ASSIGNMENT:
In the records below, reproduce exactly the lines from the one containing "Orioles_rays_baseball_88972_s2048x1380" through the one containing "NGT暴行 Twitter 凍結", both included, and omit the pictures.

RAW DATA:
· · · ·

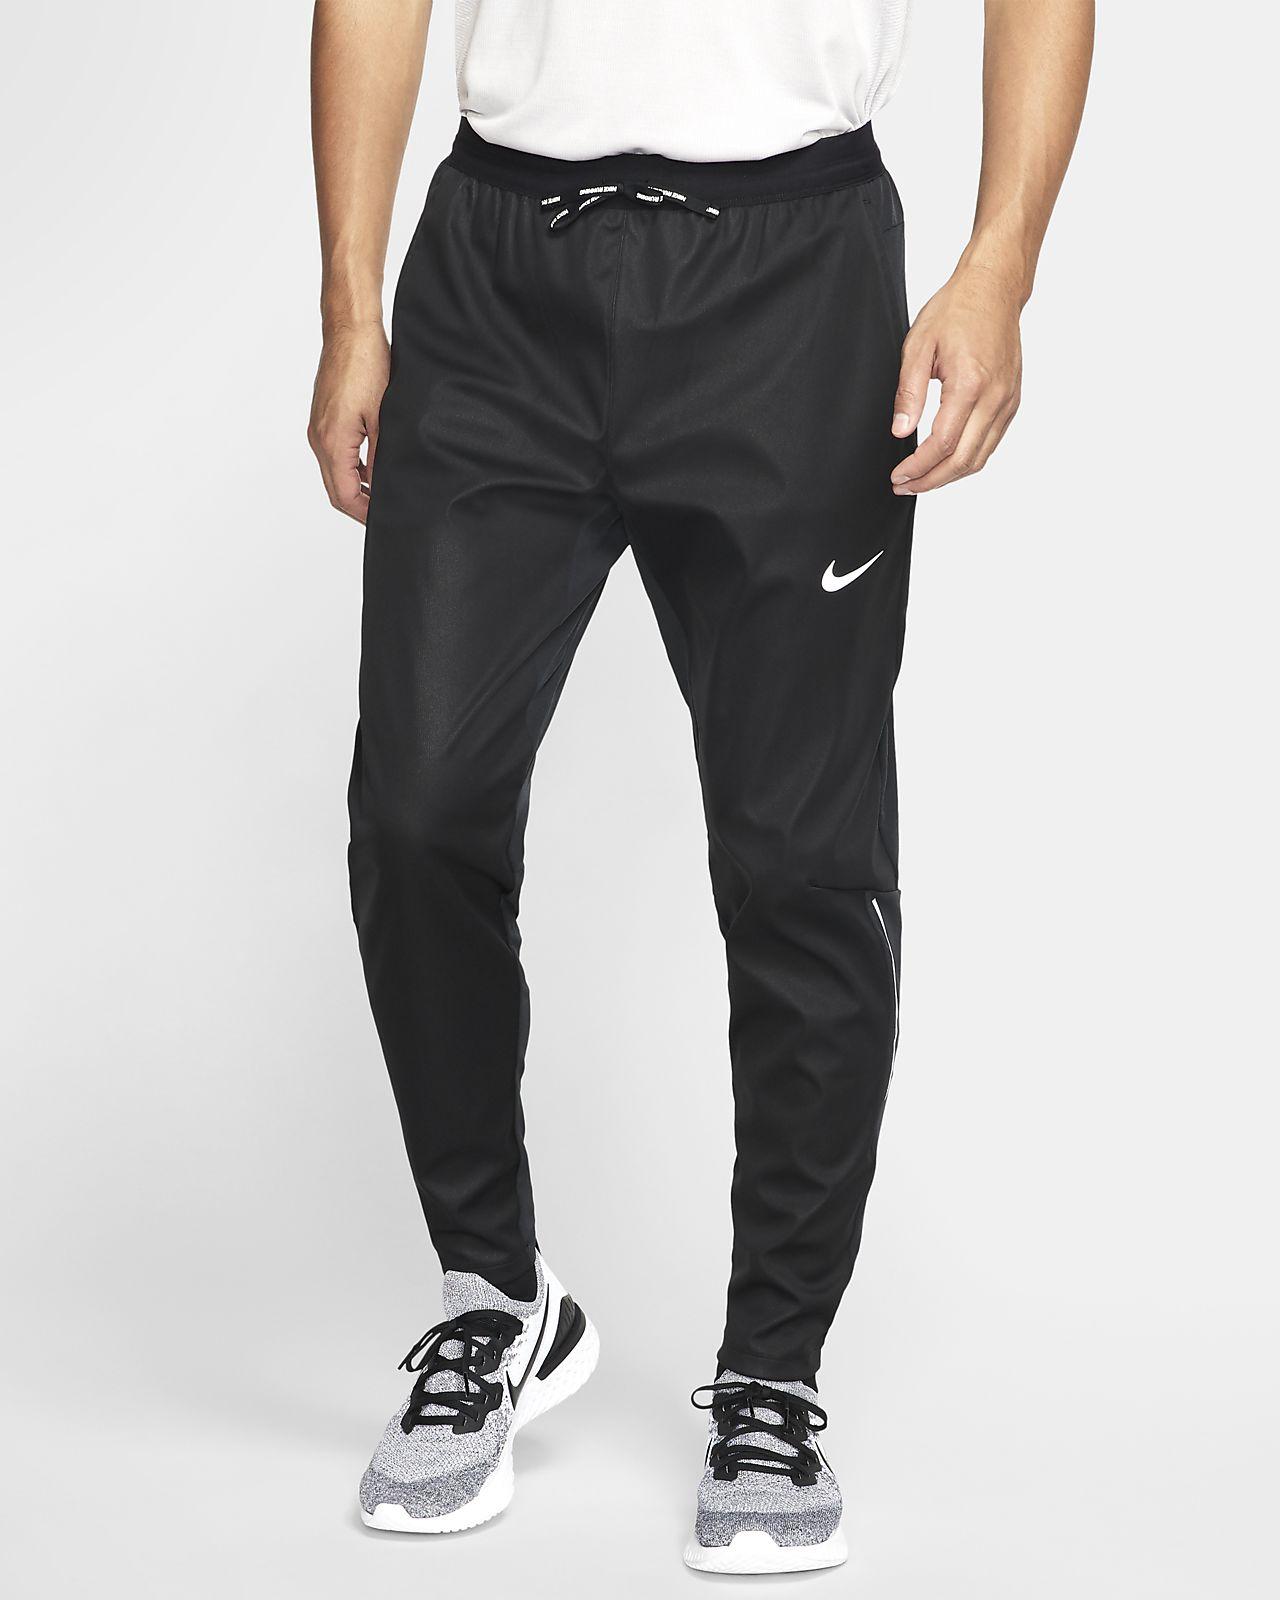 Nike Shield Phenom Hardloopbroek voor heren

· · · ·

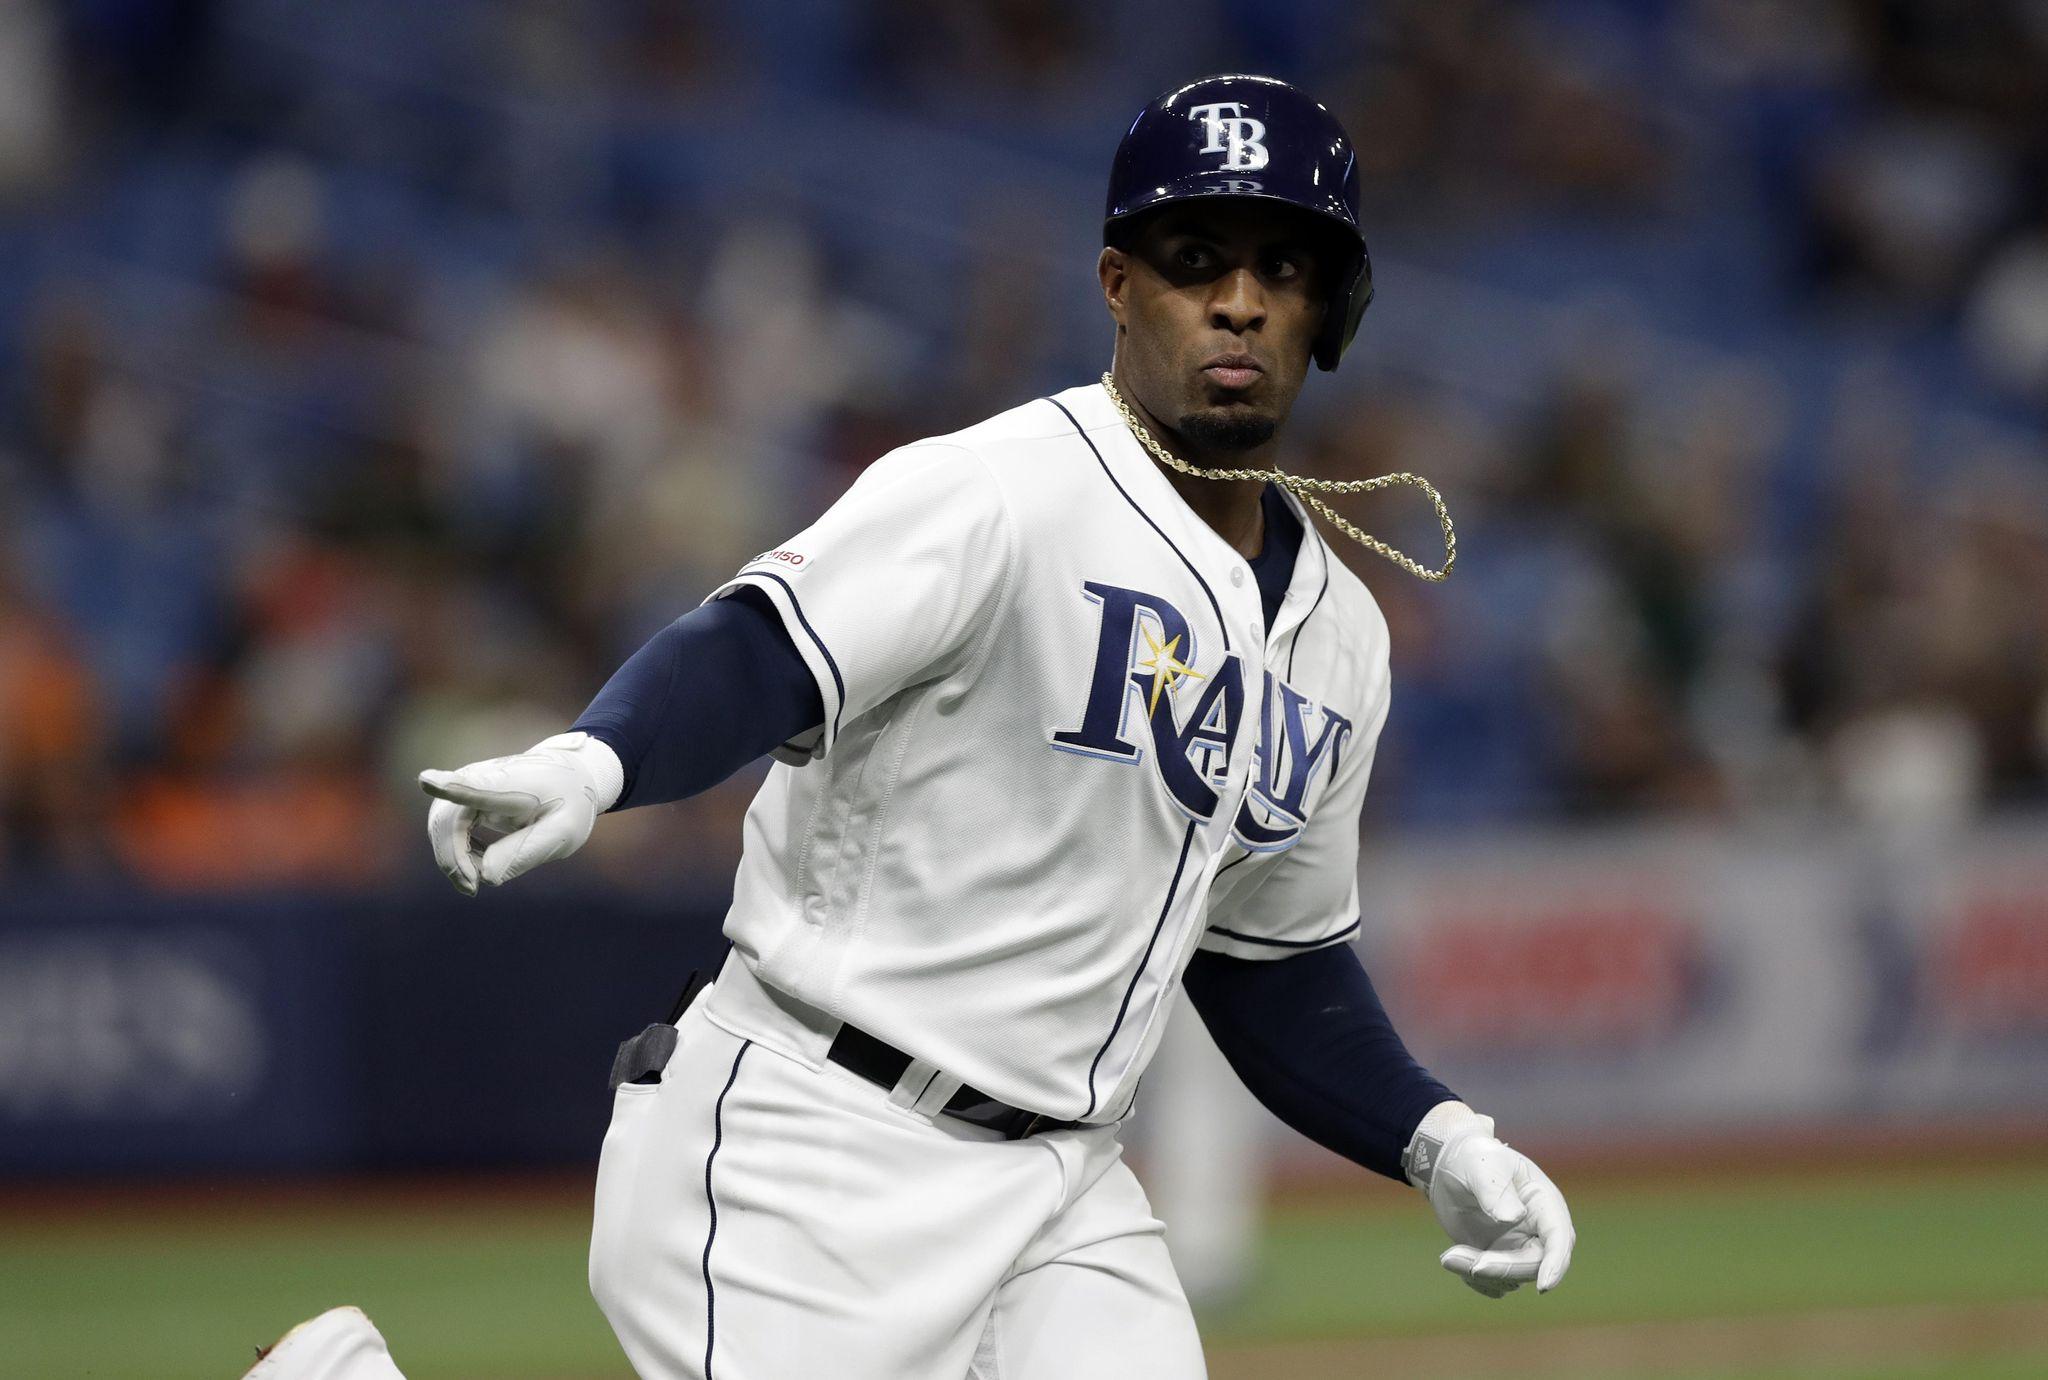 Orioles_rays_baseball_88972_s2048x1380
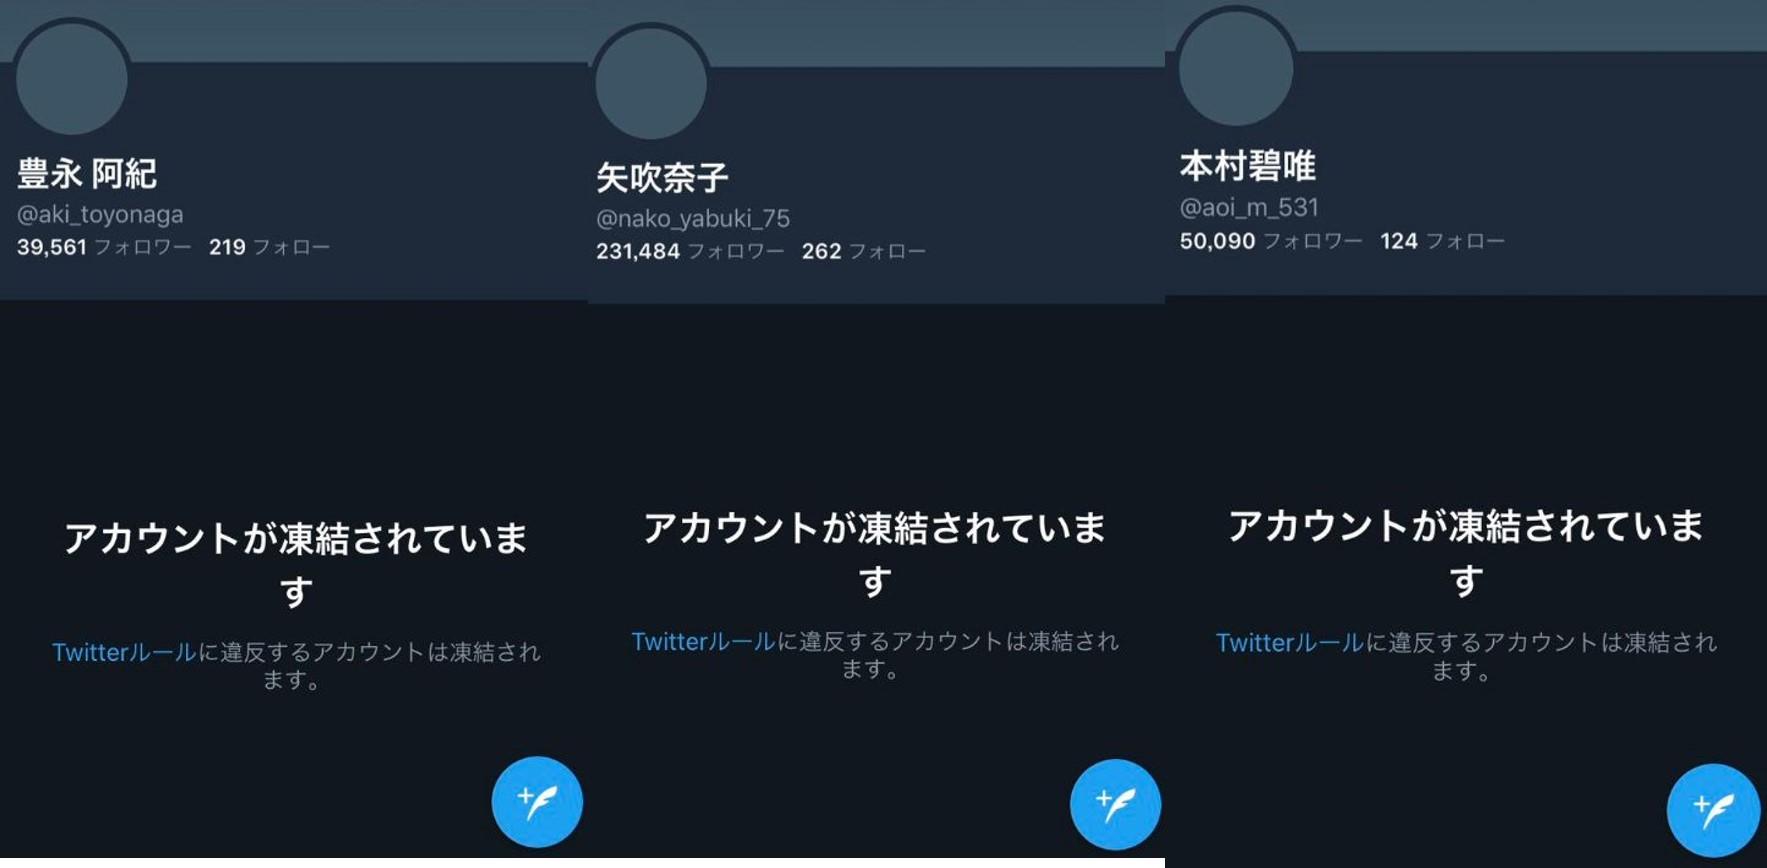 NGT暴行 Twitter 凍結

· · · ·

ANSWER FOR THIS EXERCISE:
 Orioles_rays_baseball_88972_s2048x1380
 NGT暴行 Twitter 凍結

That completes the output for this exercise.